**WHAT THE EXERCISE ASKS**:
Starting with the line in which "Nozzle 0.3mm for PS-265 GSI Creos Mr. Hobby" appears, give back every line exactly as written until the listing ends, excluding pictures.

**DATA EXTRACT**:

━━━━━━━━━━

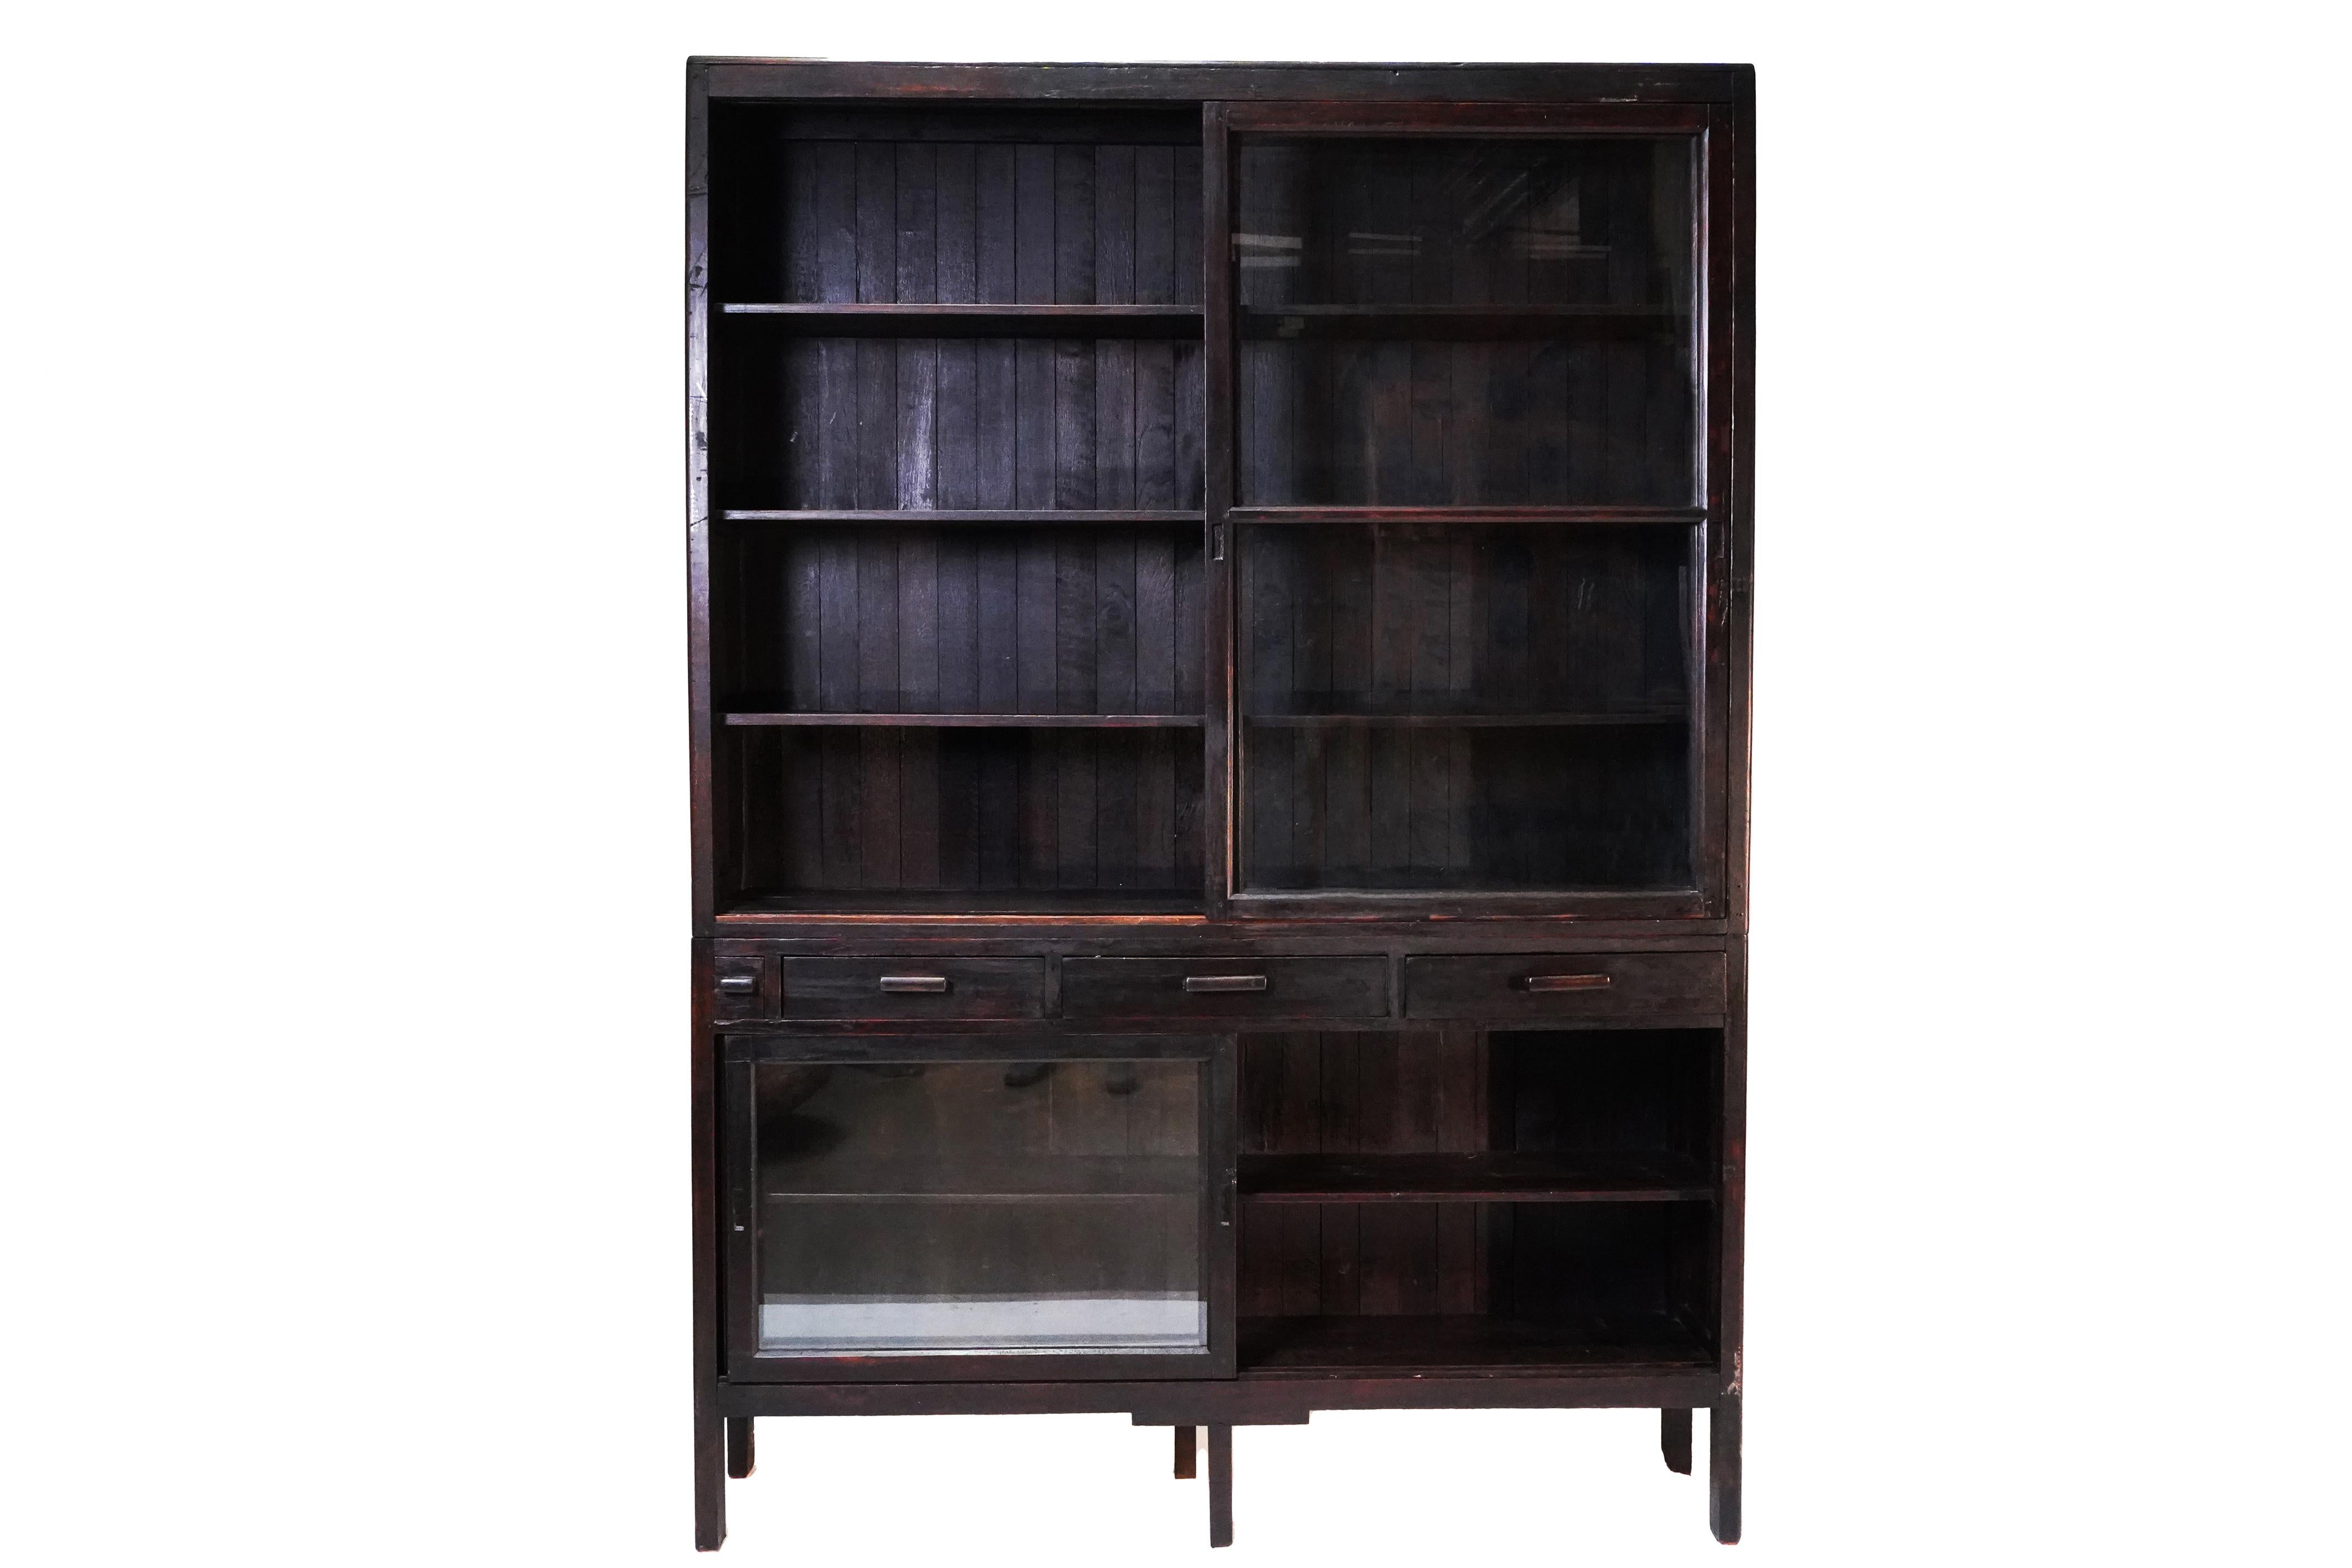 This solid teak bookcase was made in a modern, simple style in Rangoon, Burma, near the very end of the British Empire.   We call these pieces by different names; 
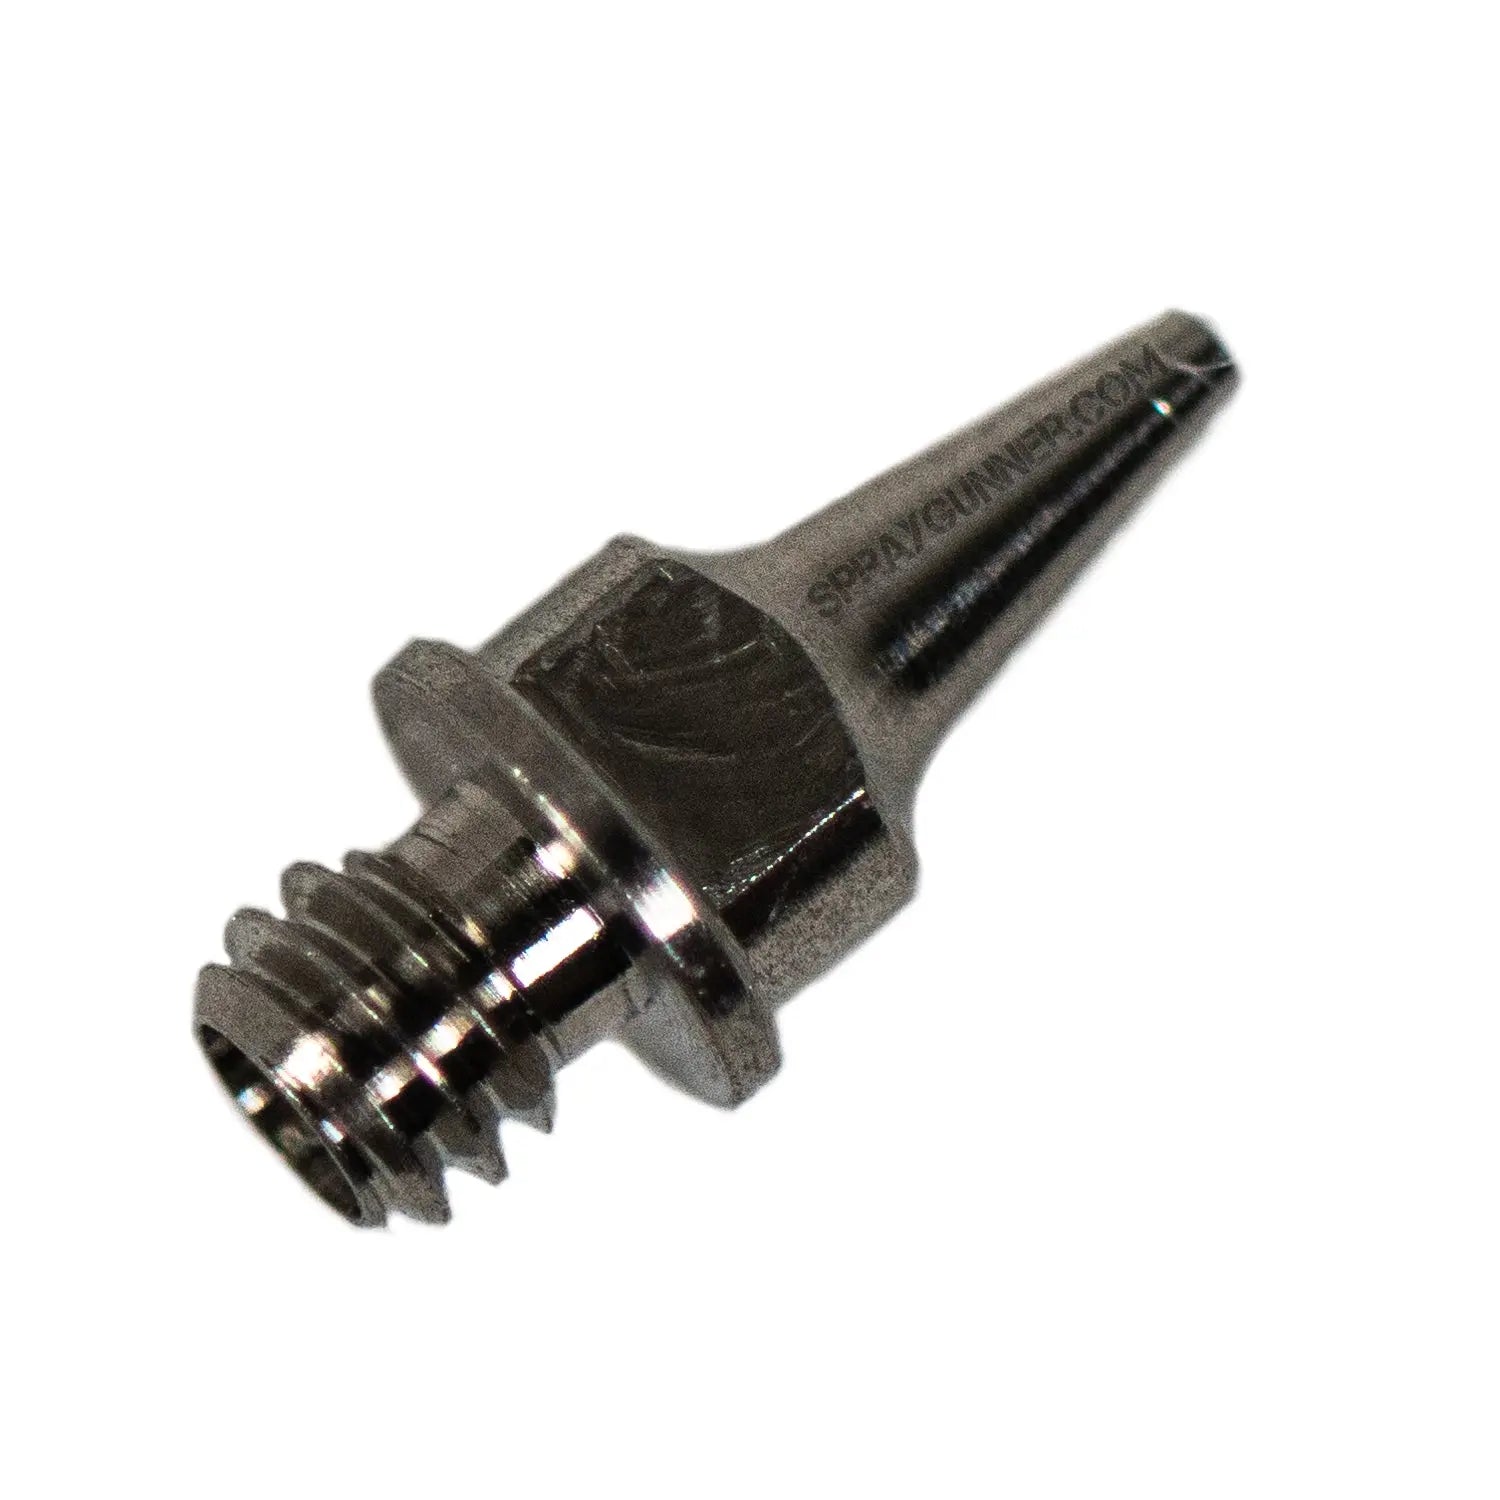 Nozzle 0.3mm for PS-265 GSI Creos Mr. Hobby
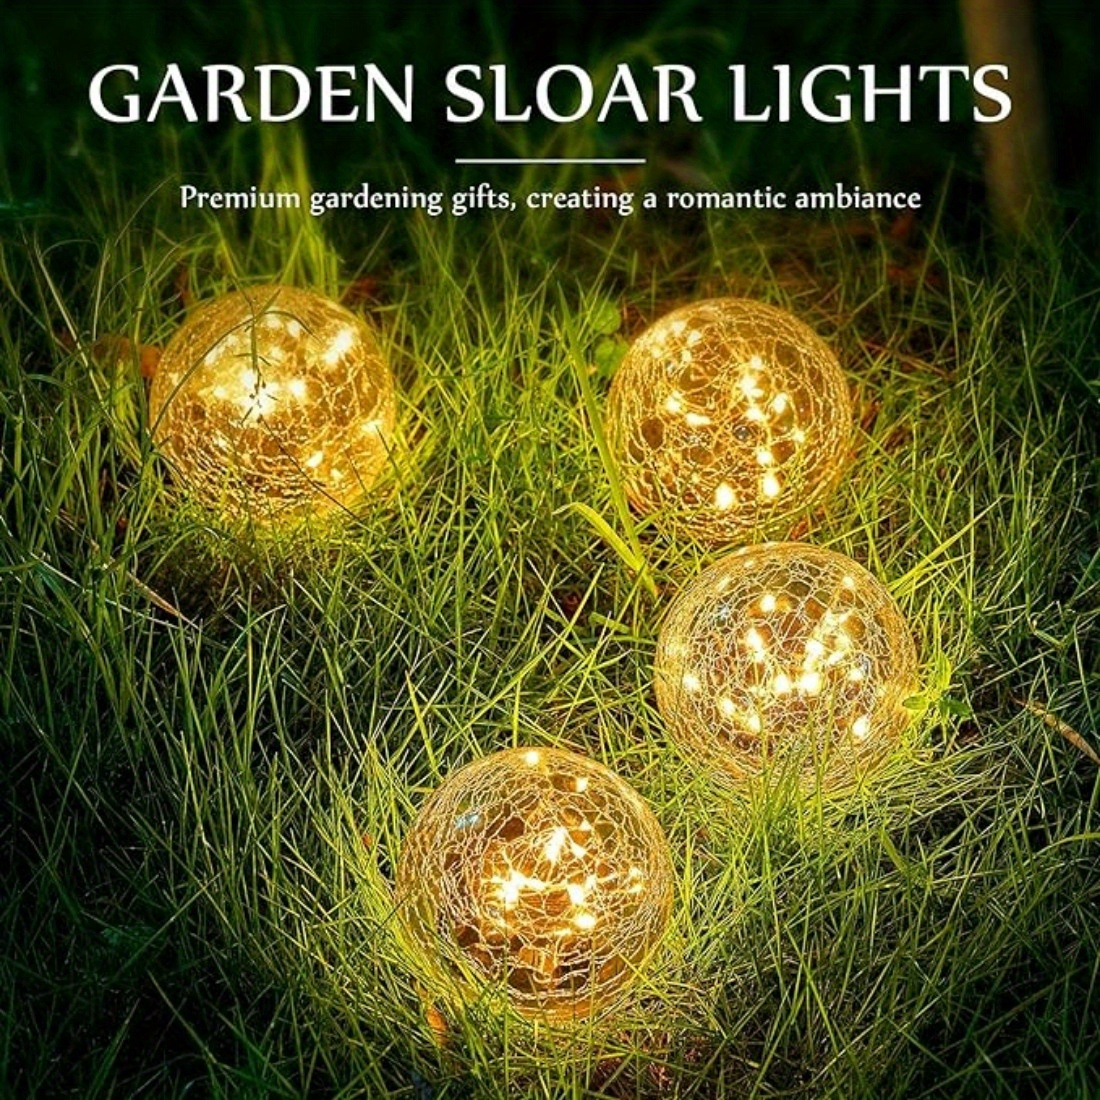 

Warm White Led - Cracked Glass Ball Design For Outdoor Pathway, Patio & Yard Decor - Energy-efficient With Easy Installation

━━━━━━━━━━

**ANSWER BOX**:
 Nozzle 0.3mm for PS-265 GSI Creos Mr. Hobby

Warm White Led - Cracked Glass Ball Design For Outdoor Pathway, Patio & Yard Decor - Energy-efficient With Easy Installation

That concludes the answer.